There’s a point in almost every business where the doubt gets loud.


You’ve spent money. You’ve made changes. You’ve tried to do the right things. Maybe you hired help. Maybe you ran ads. Maybe you rebuilt your website, posted on social media, or finally started paying attention to your Google Business Profile.

And then… not much happened.


Not enough calls. Not enough leads. Not enough sales to make the effort feel worth it.

That’s the part people don’t talk about enough.


Not the exciting part. Not the launch. Not the “we’re growing fast” season. I’m talking about the stretch in the middle where you’re putting in real work and wondering if any of it is actually doing anything.


I know that feeling well.


In addition to running a marketing agency, I co-own a roofing business with my son at seven2roofing.com. We spend our own money on marketing there too. So when I talk to business owners who feel frustrated, skeptical, or burned out by marketing, I’m not speaking from a distance. I get it. I’ve sat in that same spot and asked the same questions.


Over the years, I’ve noticed something that keeps showing up.

A lot of businesses quit right before things were about to start working.

That may sound overly simple, but I’ve seen it enough times to know it’s true.

And strangely enough, one of the clearest lessons I’ve ever learned about that came from watching a chick hatch.


Wet chick emerging from a cracked egg in a nest of straw. The warm, sunlit setting highlights the chick's fragile, new appearance.

The Chick That Almost Didn’t Make It


A few years ago, when my kids were younger, we decided to hatch chickens.

We borrowed an incubator, got some fertilized eggs, and settled in for the full process. If you’ve never watched that happen, it’s pretty incredible. For days, nothing seems to change. Then eventually the eggs start moving a little. You can hear faint chirping from inside. And then finally, one tiny crack appears in the shell.


That first crack feels like the moment.


Like the breakthrough has arrived.


But here’s what surprised us: that first crack was not the finish line. It was barely the beginning.


It still took hours for the chick to fully get out.

Hours of pushing, twisting, resting, and trying again.

My kids kept asking if we could help. It’s a natural reaction. You see something struggling and your instinct is to step in. You want to speed it up. You want to make it easier.


But the truth is, helping a chick out of the shell too early can kill it.

That struggle is not a problem. It’s part of how the chick gets strong enough to survive. The resistance helps develop what it needs to function outside the shell. Remove the struggle, and you remove the growth that comes with it.

That stuck with me.


Because growing a business works a lot like that.

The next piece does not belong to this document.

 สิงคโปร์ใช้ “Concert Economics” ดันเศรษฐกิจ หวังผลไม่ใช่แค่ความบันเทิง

Marketing Works the Same Way


Most marketing does not produce results on day one or even month one. There is a buildup phase. A period where you are building visibility, getting indexed, earning reviews, creating content, training the algorithms, and establishing the kind of digital footprint that makes Google, Meta, and even AI platforms trust you enough to start sending people your way.

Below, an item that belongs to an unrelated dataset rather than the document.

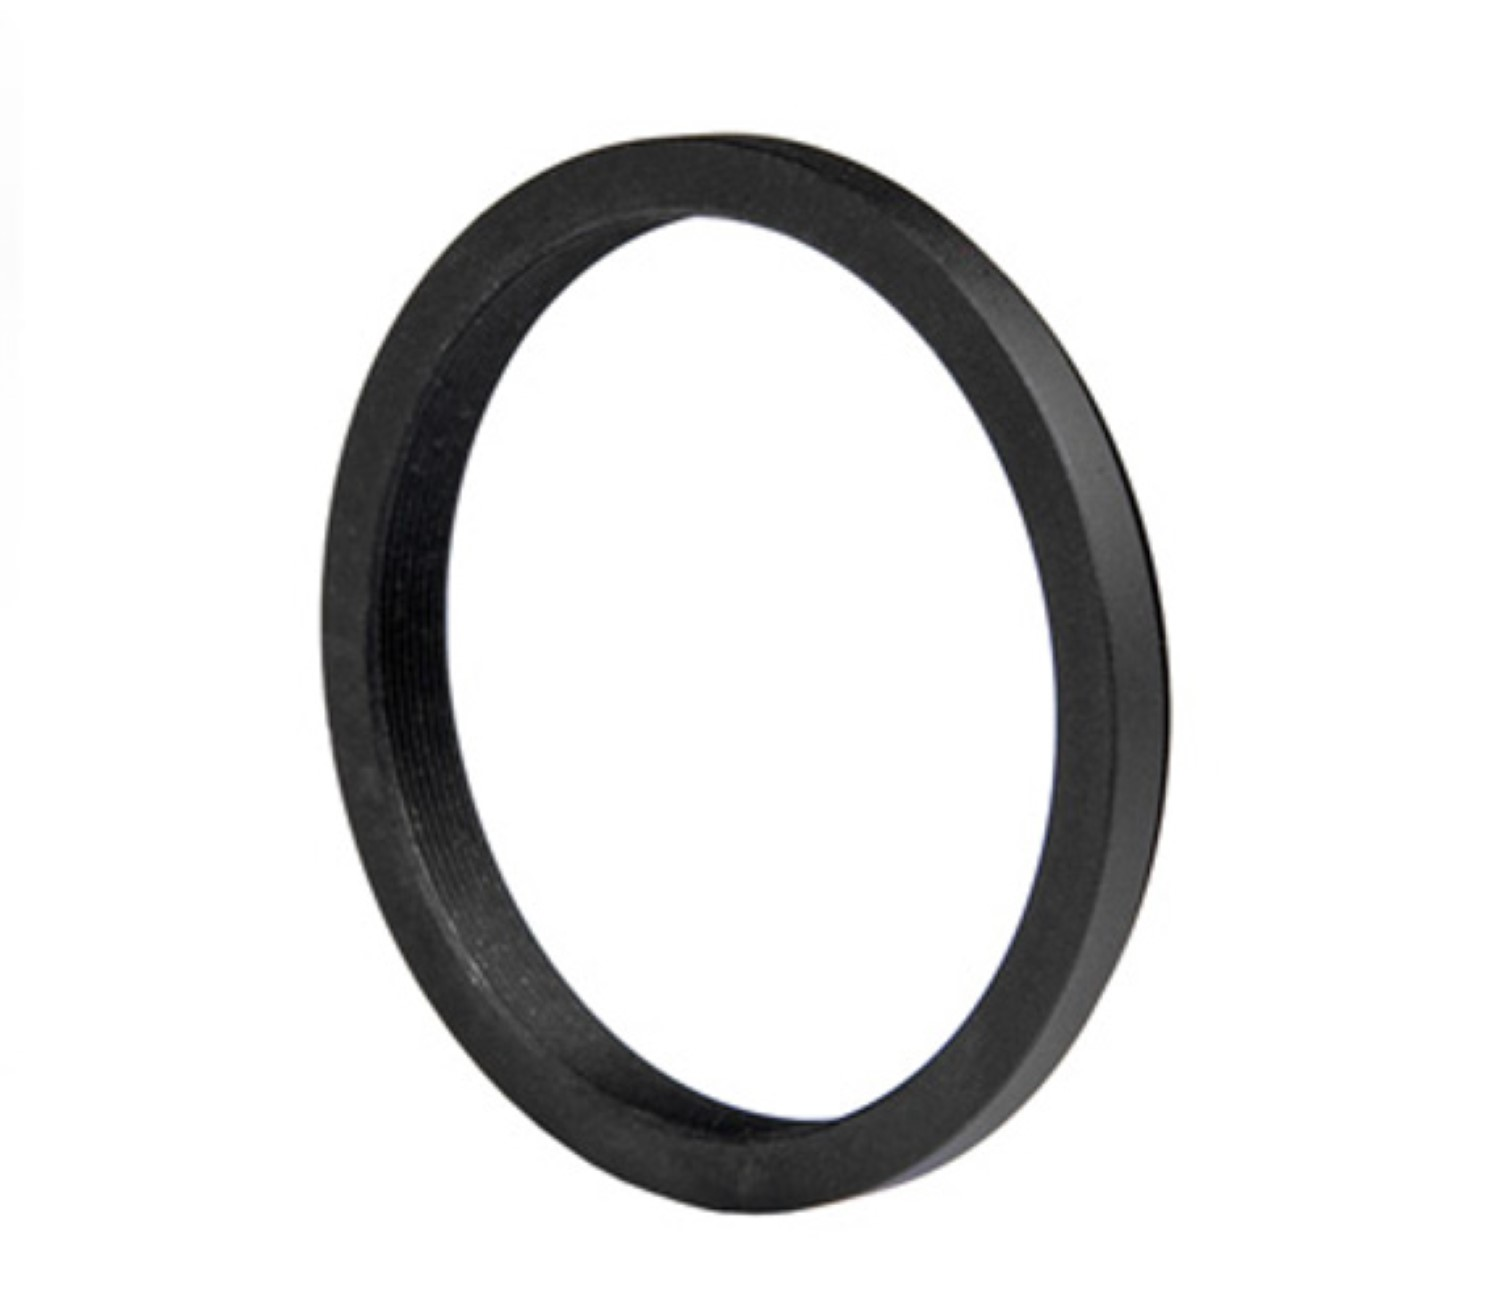 AYEX Step-Down Ring, Black, Adapter, passend mit Filtergewinde für Objektive

That period feels like the shell. It is uncomfortable. It costs money. There is effort with no obvious return. And it is the exact point where most business owners pull back, right when the first crack is starting to form.


I have seen it happen too many times. A contractor runs Google Ads for 60 days, does not get the volume they expected, and cancels. A retail store launches a new website, waits three months for search traffic to grow, gets impatient, and stops investing. A service company starts posting consistently on social media, sees modest engagement, and decides it is not worth the time.


They carried the cost of the hard part without ever collecting the reward on the other side. The businesses that win locally are not always the ones with the biggest budgets. They are the ones who stay consistent long enough for the work to compound. For the calls to start coming in not just from ads, but from reviews, organic search, referrals, repeat customers, and people who have seen them again and again and finally decide to reach out.


The Part Most Business Owners Underestimate (Growing a Business)

A lot of owners expect progress to show up fast.


That makes sense. Business costs are real. Payroll is real. Ad spend is real. Time is real. When you invest in marketing, you want movement. You want proof. You want something you can point to and say, “Good. This is working.”


But most healthy growth doesn’t happen like flipping a switch.

It happens like compounding.

It builds in layers.


You improve your website. You sharpen your message. You ask for reviews. You clean up your Google Business Profile. You post consistently. You make your offer clearer. You fix your follow-up. You run ads long enough to learn what actually converts. You start showing up in more places. People see your name more than once. They begin to recognize you. Then trust starts to form.

That’s usually how it happens.

Slow at first.

Then all at once.


The hard part is that the early stage rarely looks dramatic. It feels like effort without applause. Work without immediate payoff. That’s the shell.

And a lot of business owners back out during that phase.

Not because they’re lazy. Not because they don’t care. Usually it’s because they care a lot, and they’re tired of wasting money.


I hear versions of this story all the time:

“We tried Google Ads. Didn’t work.”

“We posted on Facebook for a while. Nothing came from it.”

“We redid the site and still didn’t get many leads.”

“We hired someone for SEO and couldn’t tell if anything was happening.”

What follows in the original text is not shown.